"""

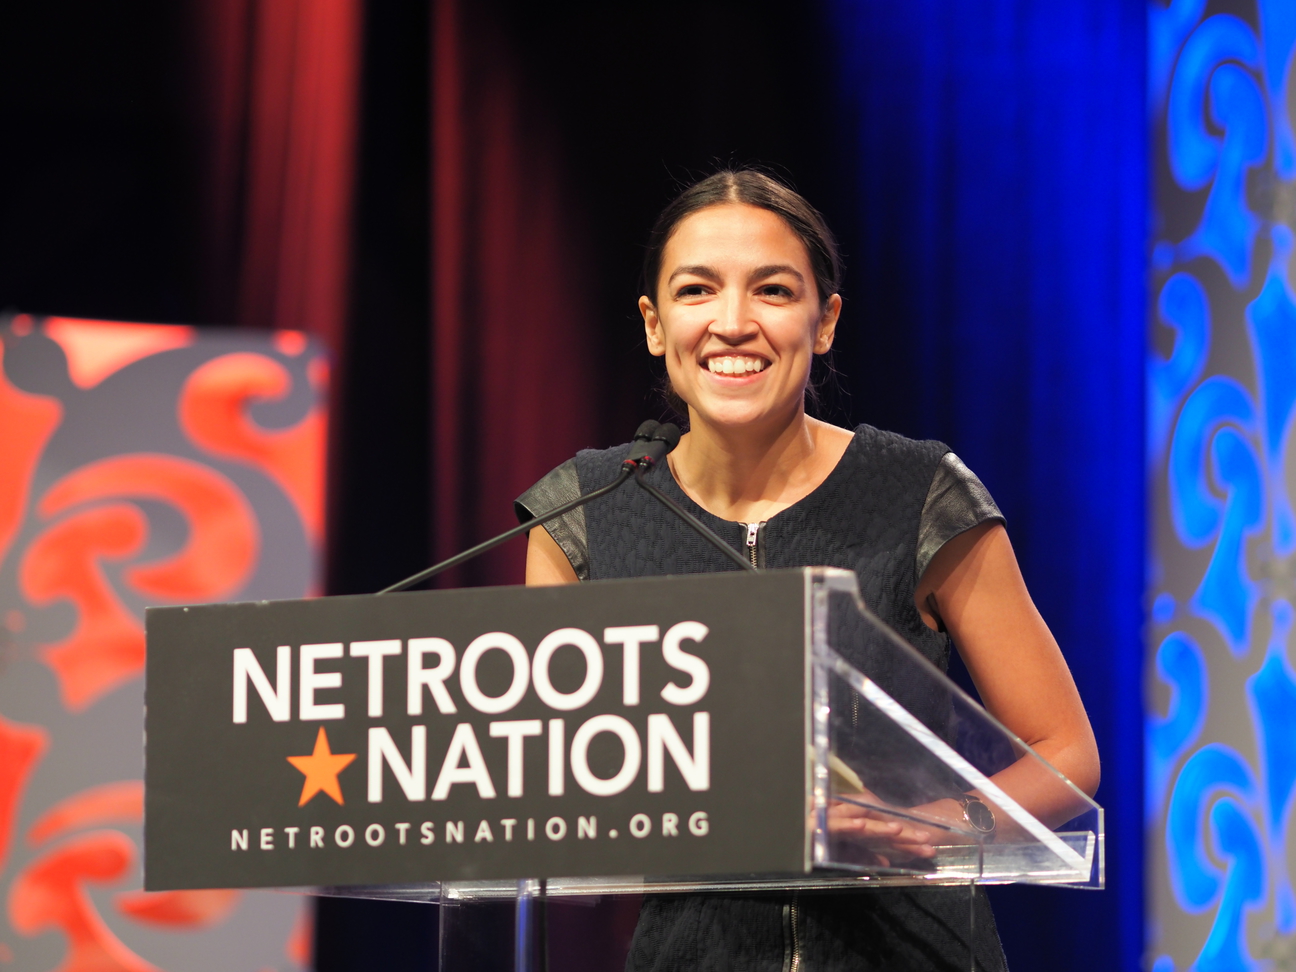 Alexandria Ocasio-Cortez, the Democratic nominee in NY-14, addresses Netroots Nation 2018 during the closing plenary
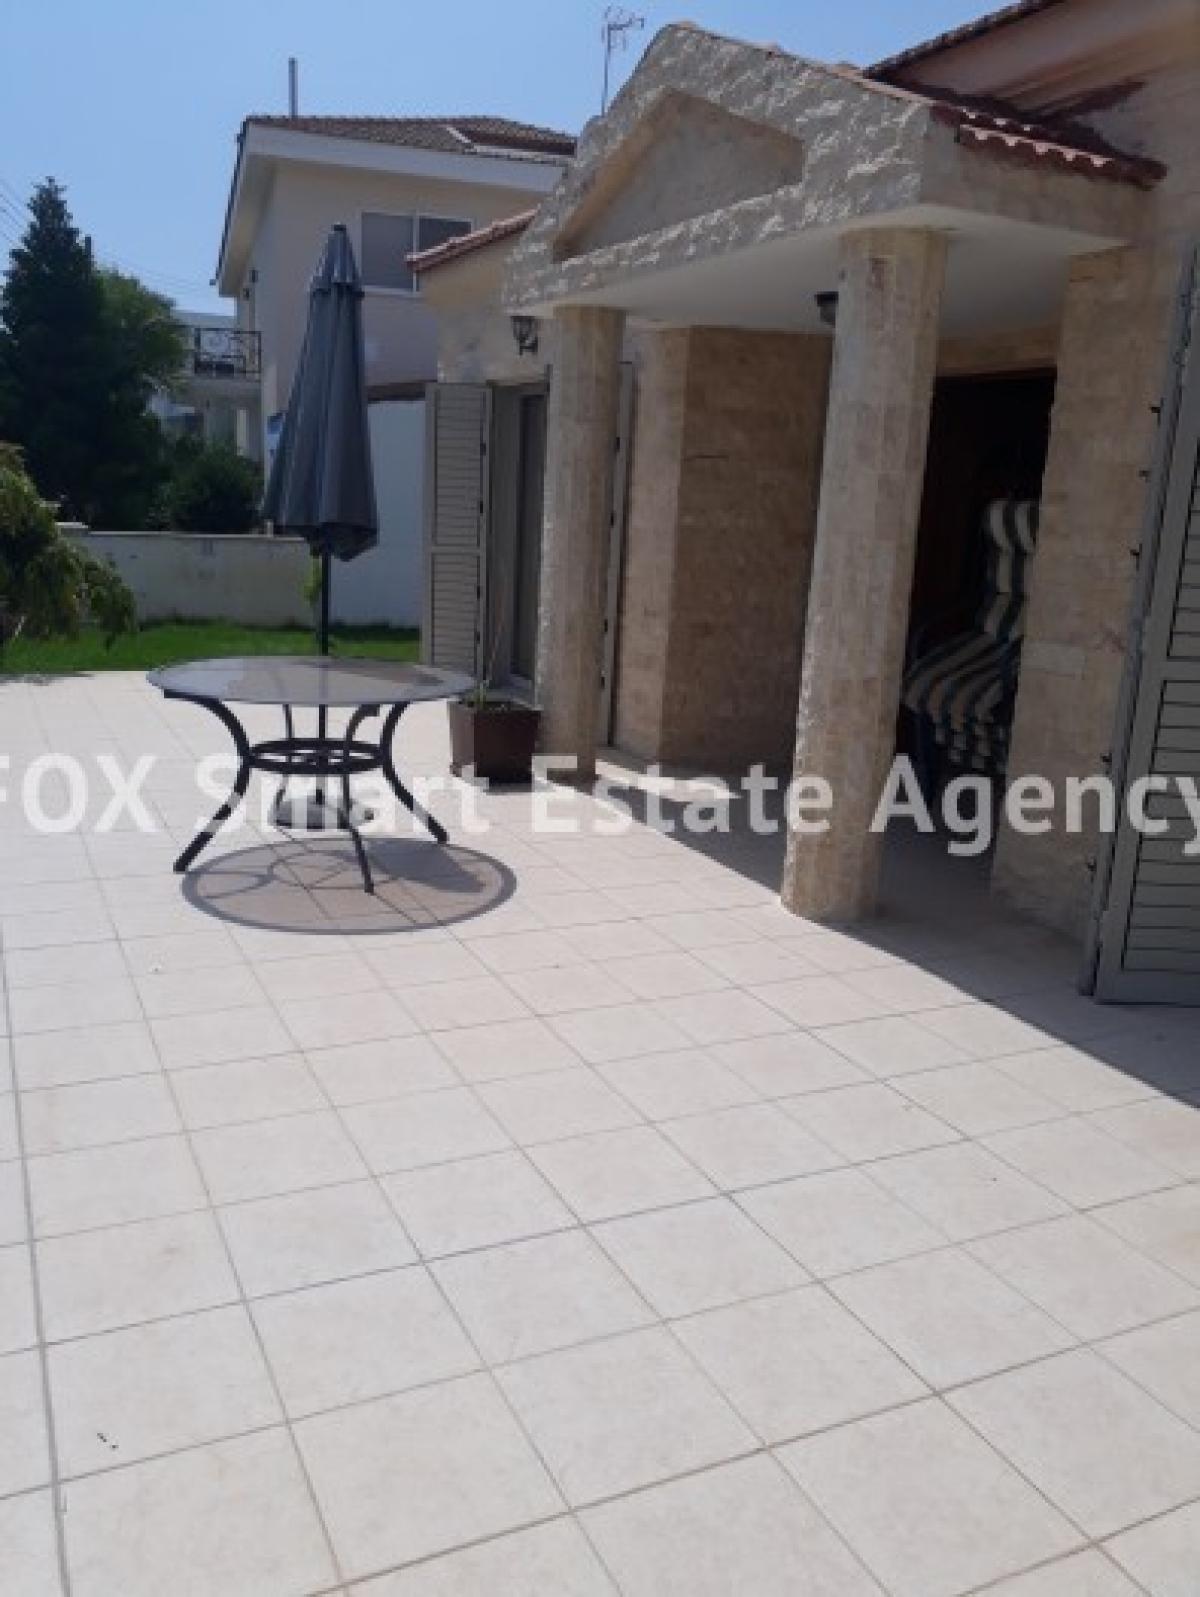 Picture of Bungalow For Rent in Asomatos, Limassol, Cyprus
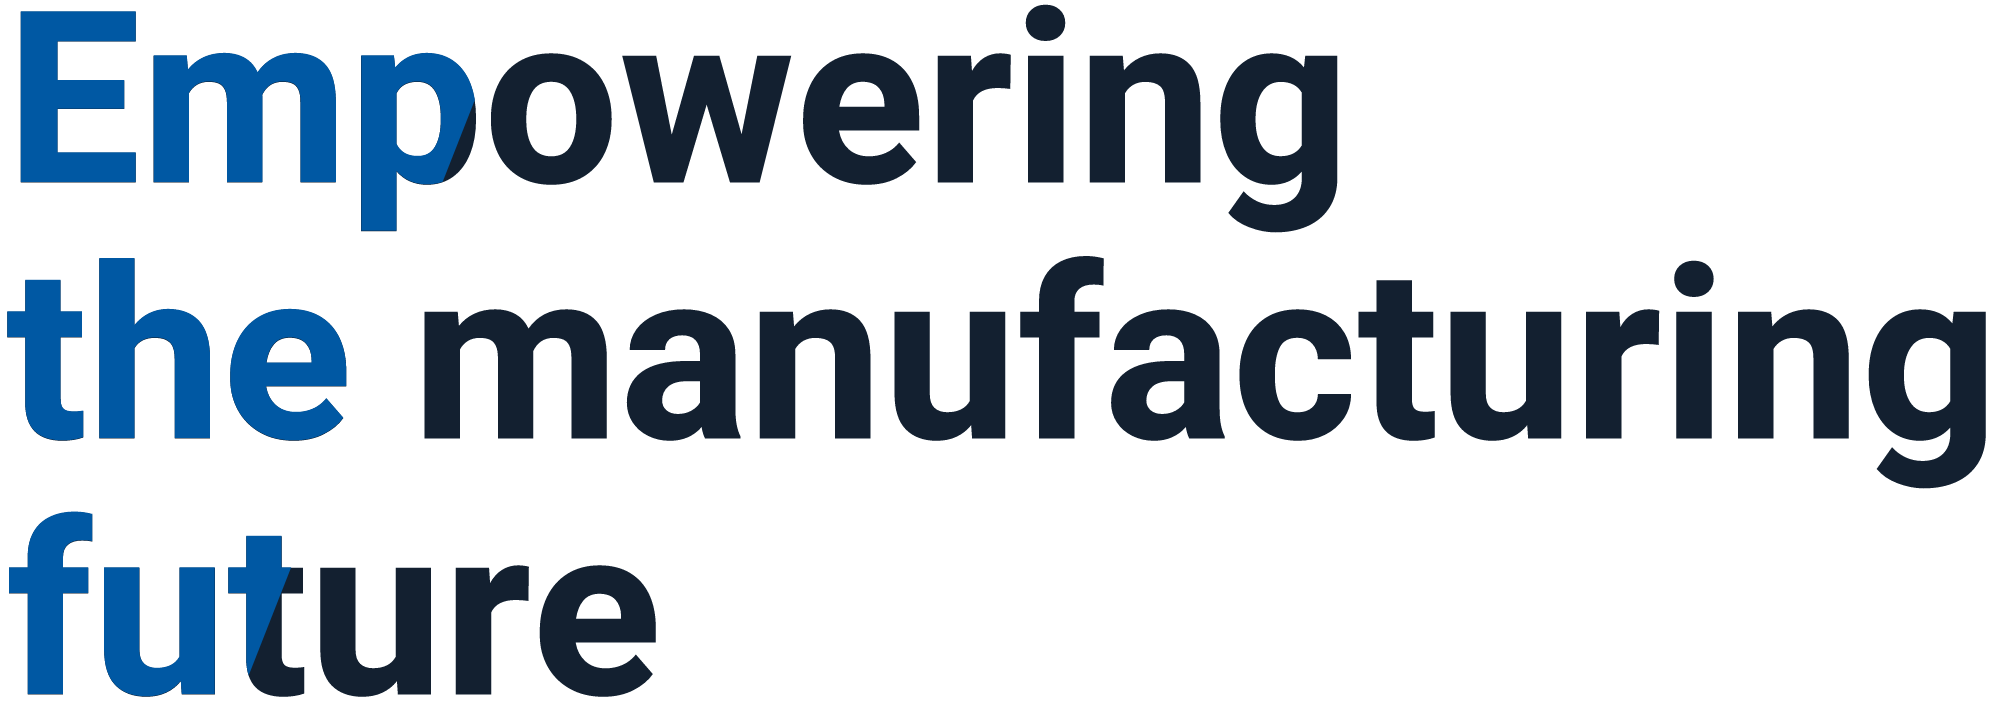 Empowering the manufacturing future

"""

> [WHAT YOU ARE ASKED TO DO]:
Where a picture appears, skip it and copy the rest of the data word for word.

> [WRITTEN RESPONSE]:
 Alexandria Ocasio-Cortez, the Democratic nominee in NY-14, addresses Netroots Nation 2018 during the closing plenary
 Picture of Bungalow For Rent in Asomatos, Limassol, Cyprus
 Empowering the manufacturing future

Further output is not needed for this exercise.